* **Given data**:
● ● ● ●
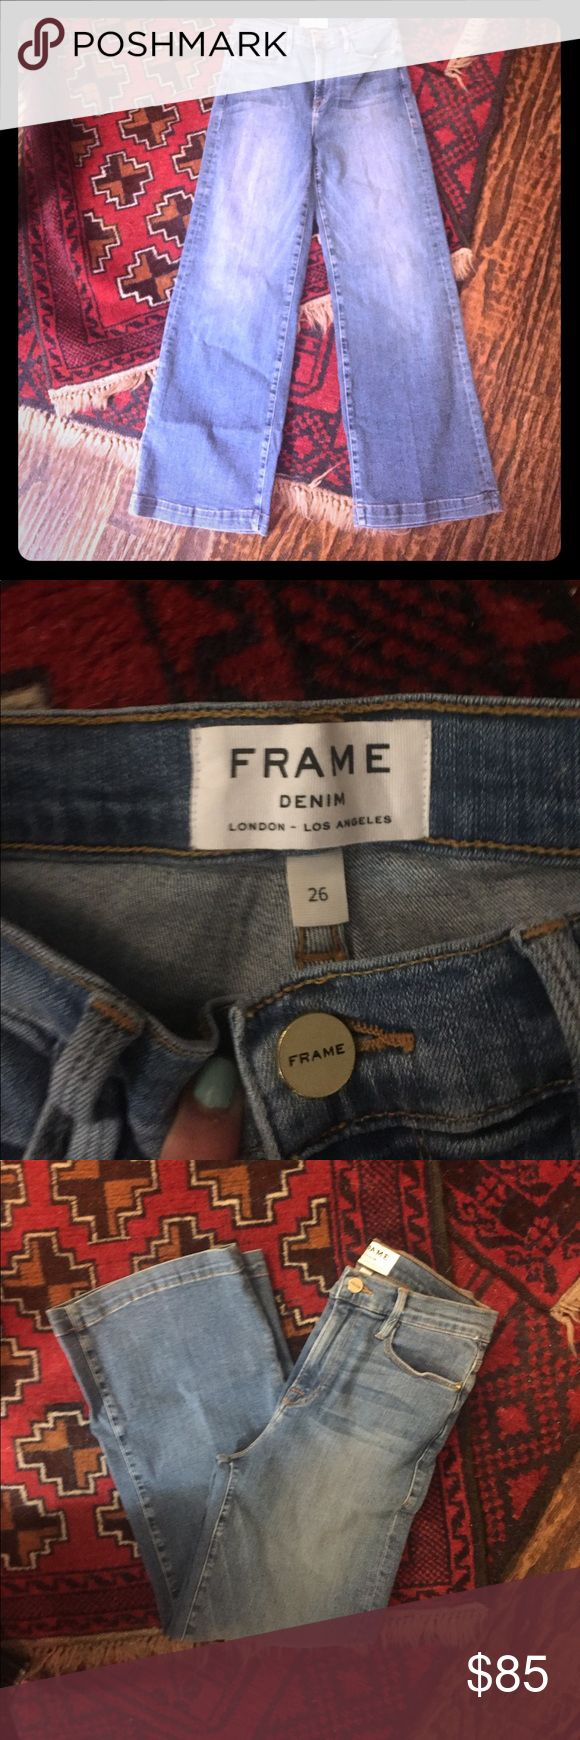 NWT FRAME DENIM cropped flare NWT!!! FRAME DENIM culottes in midland blue. Frame Denim Jeans Ankle & Cropped
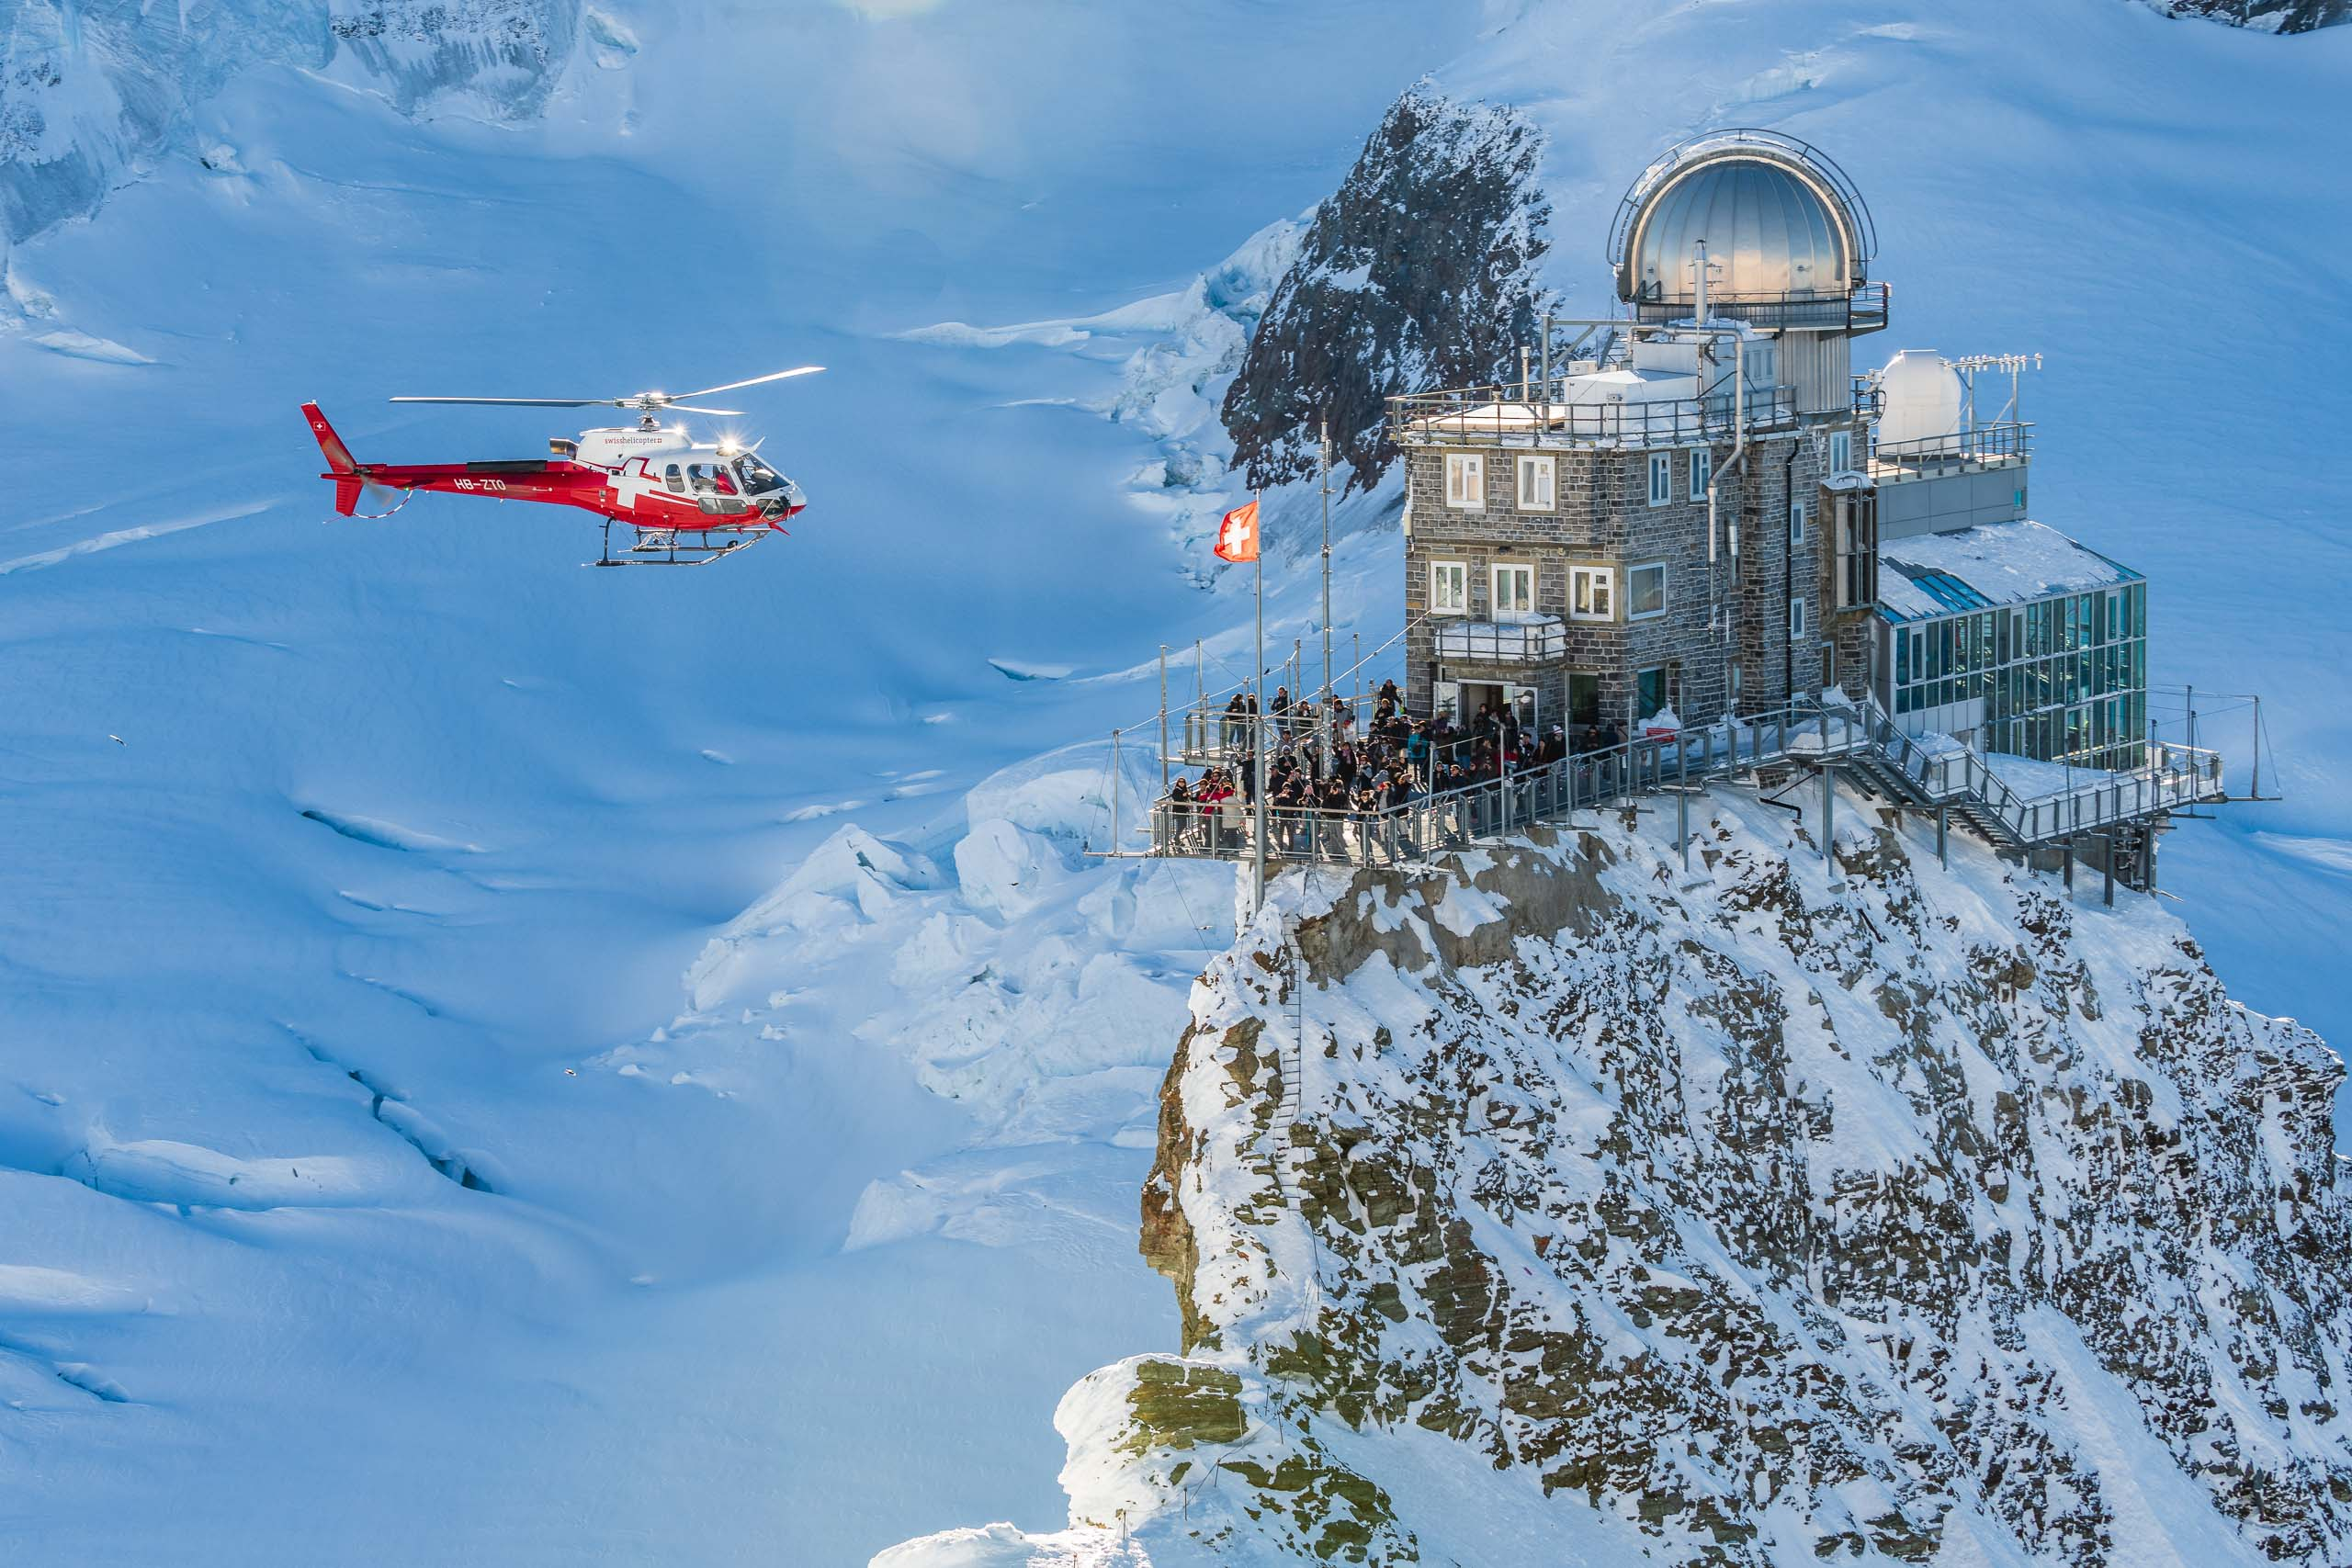 A85_0787_helikopterflug_jungfraujoch
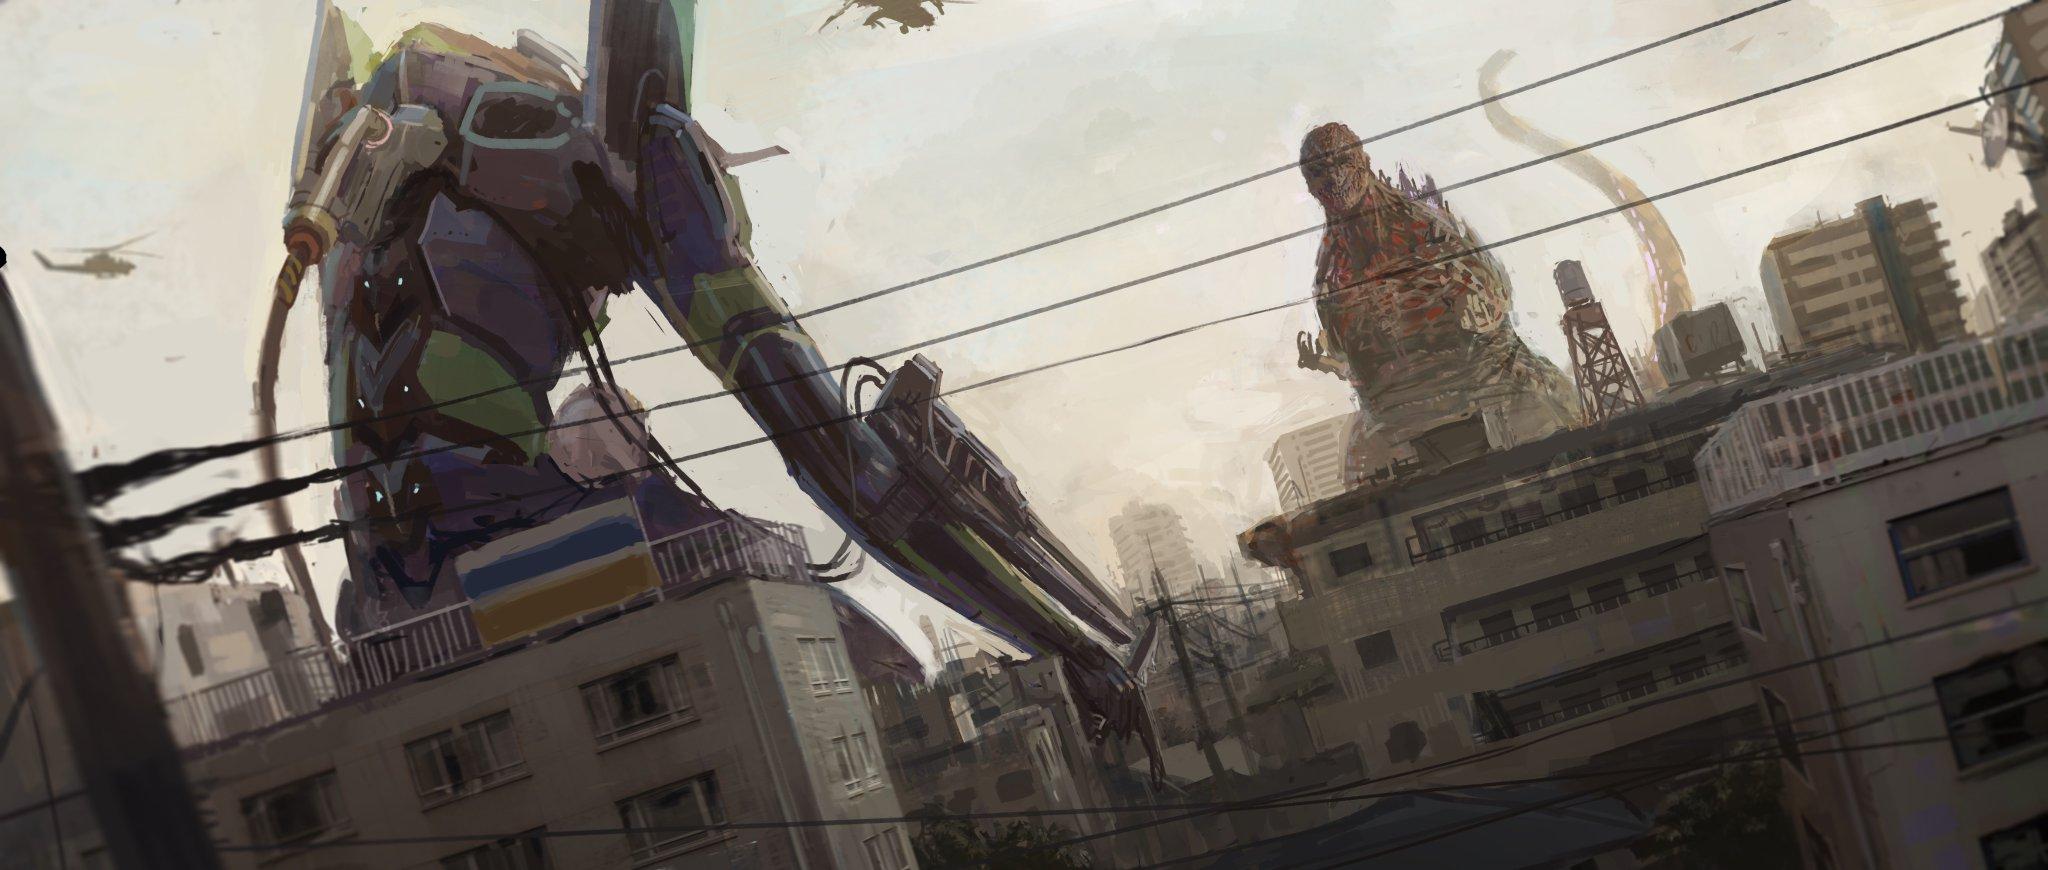 Anime EVA 01 Evangelion godzilla 3343995
● ● ● ●
* **Your task**: Return every line above word for word, minus images.

* **Response to the exercise**:
 NWT FRAME DENIM cropped flare NWT!!! FRAME DENIM culottes in midland blue. Frame Denim Jeans Ankle & Cropped
 A85_0787_helikopterflug_jungfraujoch
 Anime EVA 01 Evangelion godzilla 3343995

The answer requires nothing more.